Segment Start: Material shown
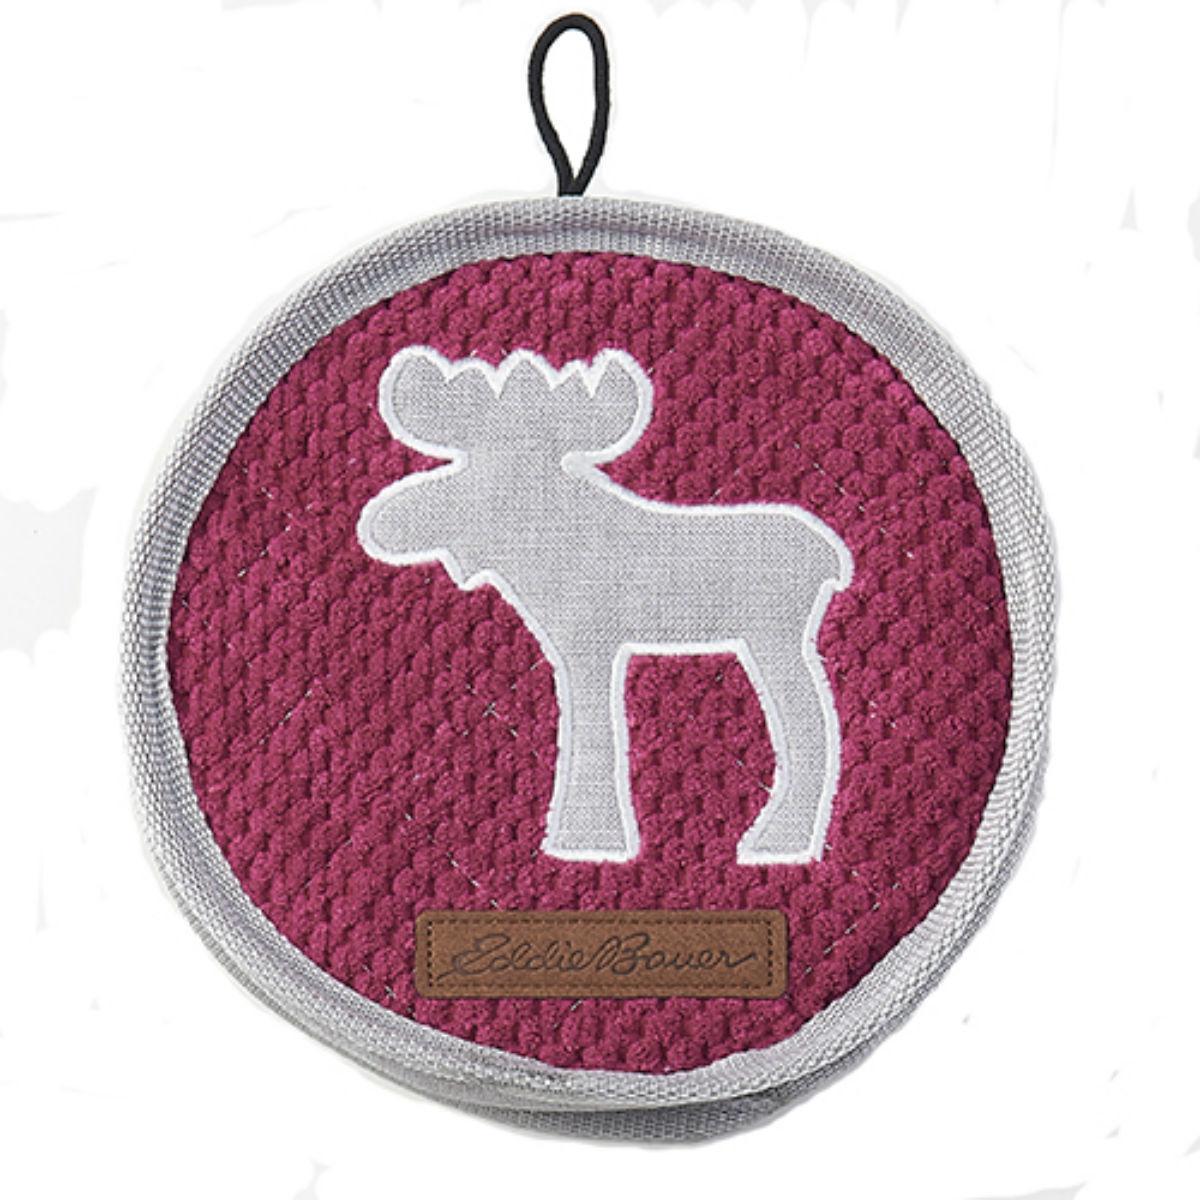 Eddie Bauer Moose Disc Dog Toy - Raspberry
Segment End: Material shown
Segment Start: Material shown
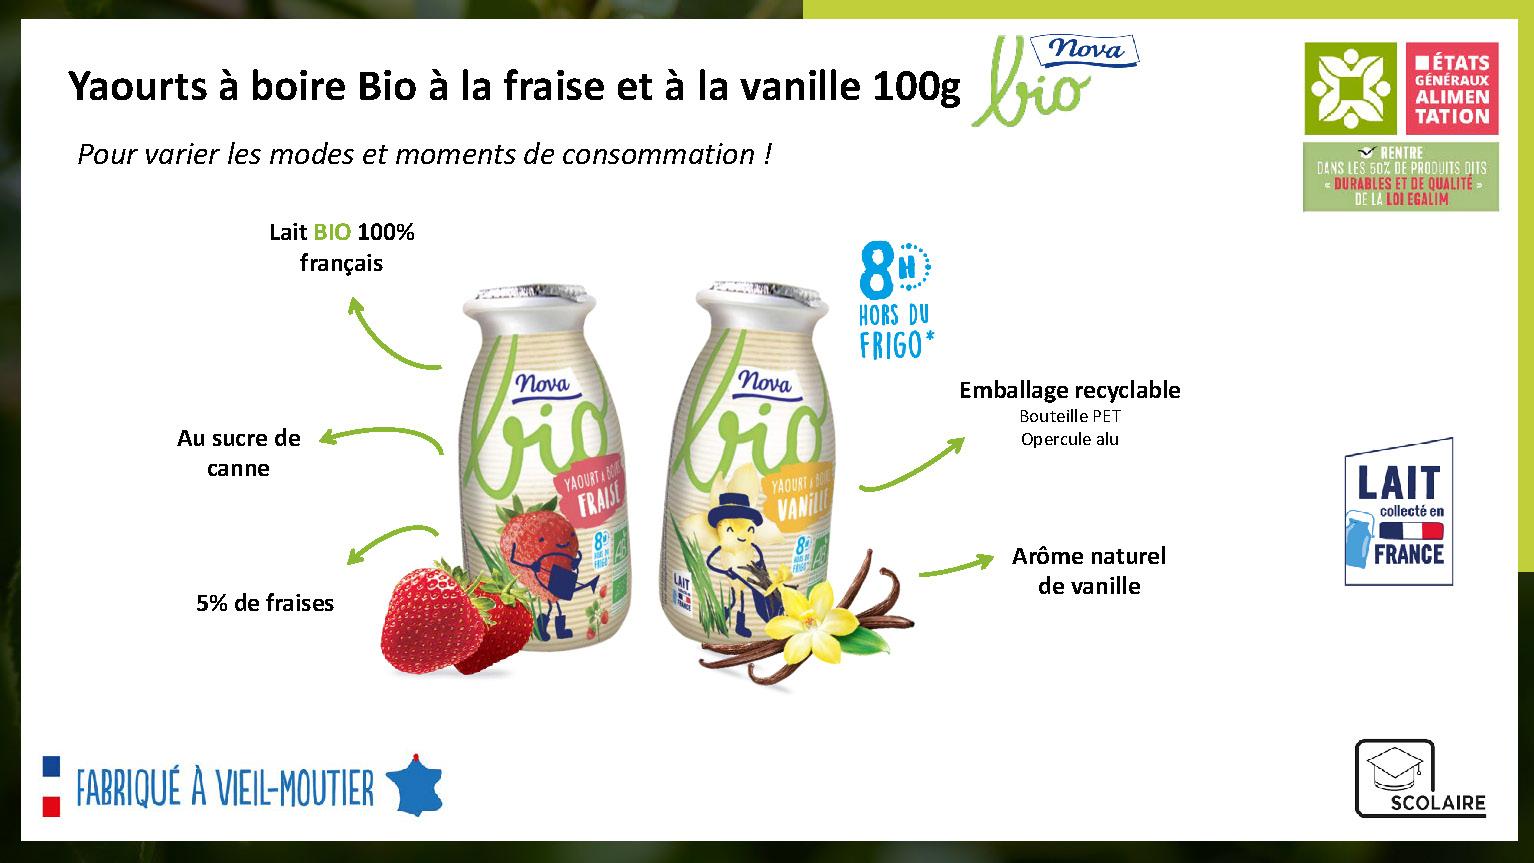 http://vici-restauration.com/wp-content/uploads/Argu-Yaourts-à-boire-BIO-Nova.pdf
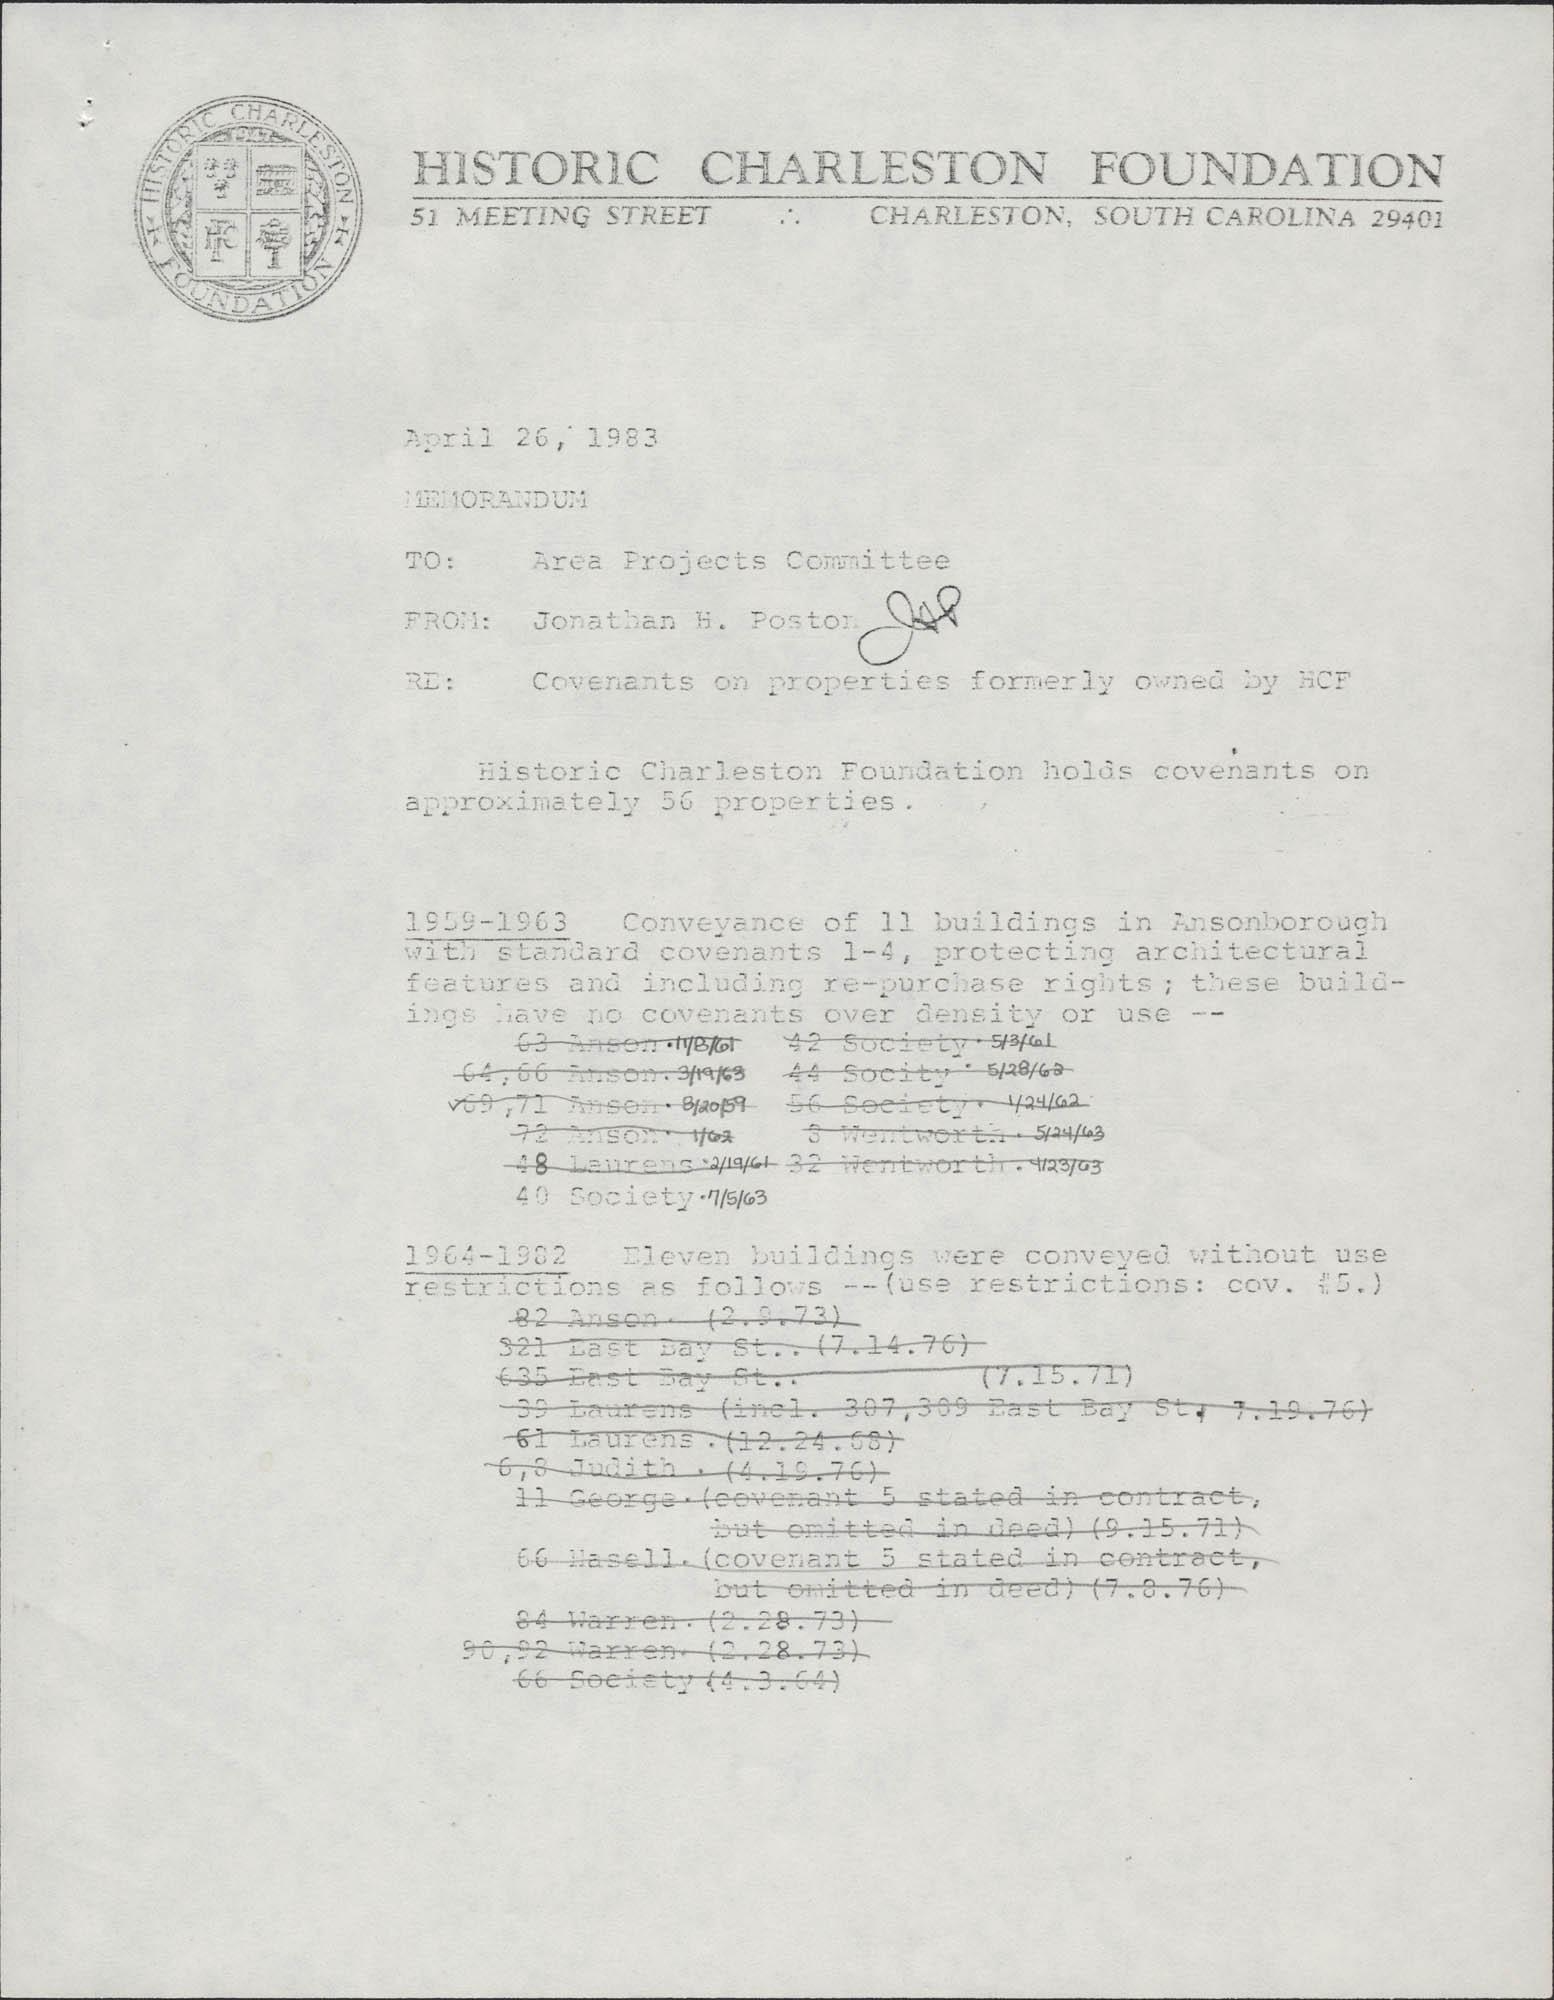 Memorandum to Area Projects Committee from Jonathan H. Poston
Segment End: Material shown
Assignment> In the listing above, find the line containing "http://vici-re" and the line containing "Memorandum to Area", then output those two lines and everything between them exactly as written, without the images.

Answer area>
 http://vici-restauration.com/wp-content/uploads/Argu-Yaourts-à-boire-BIO-Nova.pdf
 Memorandum to Area Projects Committee from Jonathan H. Poston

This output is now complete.